– Ида была обречена, – прошептал Элиас скорее самому себе, чем другим заключенным. – Такова была воля Господа.
– Ее состояние не было критическим! По крайней мере, еще не было критическим. Она, правда, выглядела немного бледноватой, но никто тогда даже и не заподозрил бы, что она больна. Как бы там ни было, мне удалось раздобыть необходимые документы. При помощи золотых часиков и парочки бриллиантов я подкупил один из патрулей, которые не позволяли никому покидать гетто. Иду можно было вывезти, спрятав в автокатафалке, а затем она прибыла бы в свою новую семью. Мириам была согласна. У нее от тоски разрывалось сердце – нелегко расстаться с собственной дочерью, да еще и неизвестно на какое время, – но она была согласна. Наступила ночь, в которую Ида должна была покинуть гетто. Однако в самый последний момент он, – Моше показал на Элиаса, – неожиданно отказался ее отпускать. Он лепетал что-то про Бога, про Авраама и про кого-то там еще и наотрез отказывался позволить Иде уехать. Мы – я и Мириам – его всячески уговаривали, мы его умоляли, однако он упорно стоял на своем. Он не мог смириться с мыслью, что его дочь будет выдавать себя за католичку. Он говорил, что Бог ему этого не простит, что он, Элиас, не может предавать своего Бога… Того самого Бога, по воле которого ты угодил сюда, да, Элиас?
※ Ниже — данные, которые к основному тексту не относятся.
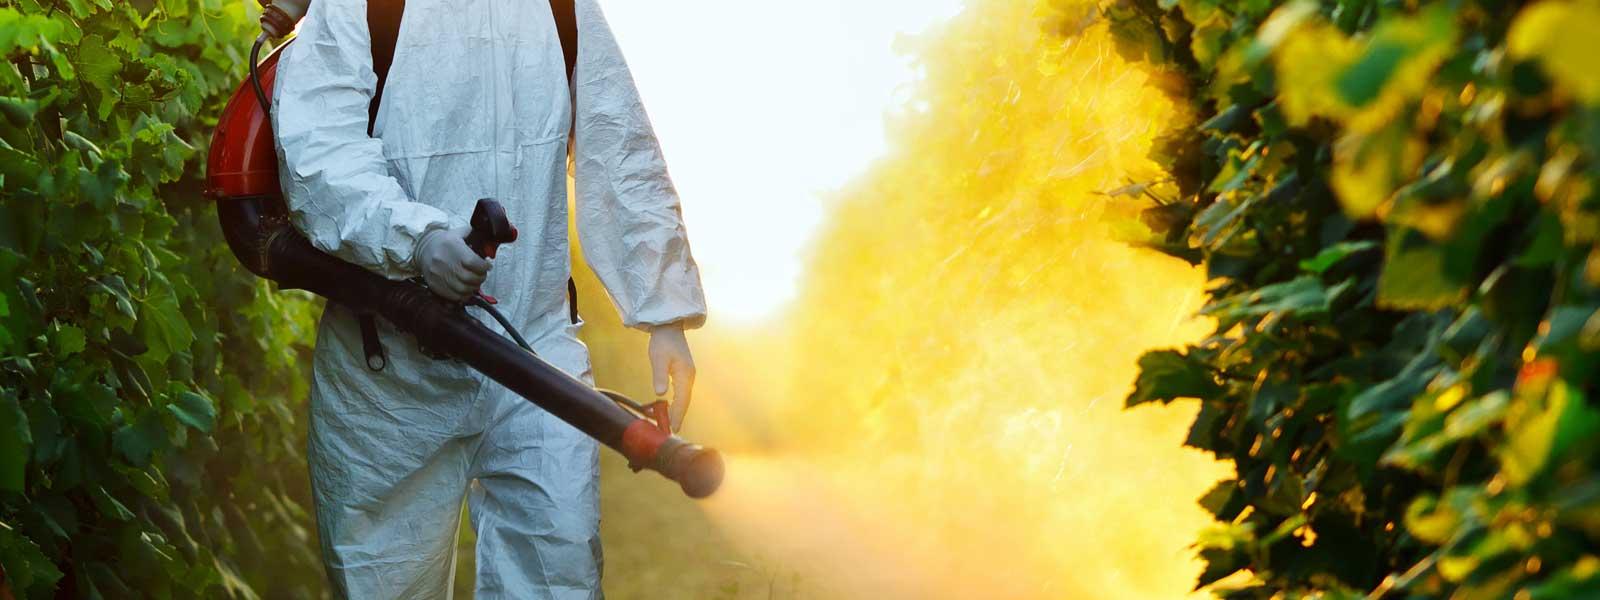 Diệt Muỗi Hiệp Toàn Phát
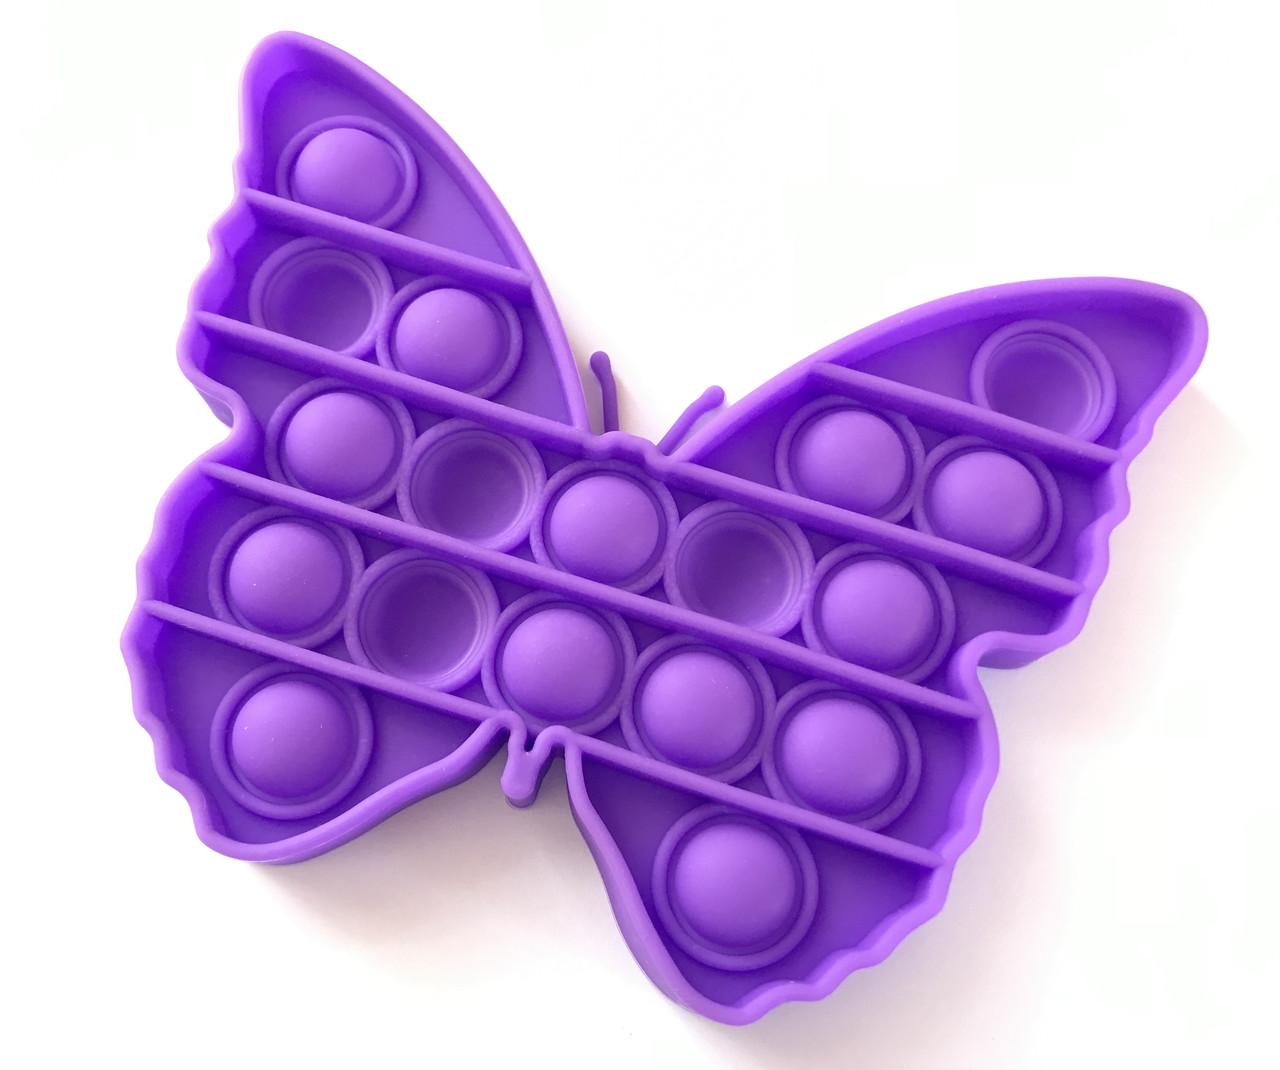 Pop It сенсорная игрушка, пупырка, поп ит антистресс, pop it fidget, попит, фиолетовая бабочка

На рассвете подкупленный мною патруль сменился, и уже нельзя было больше ничего сделать. Две недели спустя нацисты устроили облаву в гетто. Нас всех оттуда увезли. Когда мы вышли из вагона на железнодорожную платформу, эсэсовцы забрали Иду у Элиаса и Мириам и куда-то ее увели. С тех пор мы не знаем, где она находится. Ида, можно сказать, исчезла. Элиас согнулся вдвое и тяжело задышал. Если бы он смог, если бы здесь, в концлагере, его слезы не были уже давным-давно все выплаканы, он бы сейчас горько зарыдал.
– Это то, что произошло на самом деле. Именно так была разрушена семья Элиаса. Ида исчезла, а Мириам… С того момента, как Элиас не дал мне вывезти Иду из гетто, Мириам стала его ненавидеть. Она не позволяла ему к ней даже прикасаться. Элиас для нее больше не существовал. Мириам замкнулась в себе. Она испытывала очень сильные душевные страдания. Она испытывала такие страдания, каких вынести не могла.
– А ты решил ее утешить, да? – Элиас бросил на Моше гневный взгляд, а затем отвернулся. – Смотрите! – вдруг сказал он, вытаскивая откуда-то из-под своей куртки потертую фотографию и показывая ее другим заключенным. – Это Ида. Моя маленькая Ида.
Окружавшие Элиаса заключенные стали в нее всматриваться. С фотографии на них смотрела Ида – маленькая, милая, с длинными белокурыми косами и с грустной улыбкой обреченного человека.
– Ты безумец, – сказал Берковиц. – Ты спрятал у себя фотографию! Если об этом станет известно, тебя до смерти забьют палками. Ты подвергаешь себя бессмысленному риску!
Элиас, ничего не отвечая, лишь пожал плечами. Он держал фотографию в руке так, как будто это было нечто очень-очень хрупкое. Несколько секунд спустя он засунул ее обратно под куртку.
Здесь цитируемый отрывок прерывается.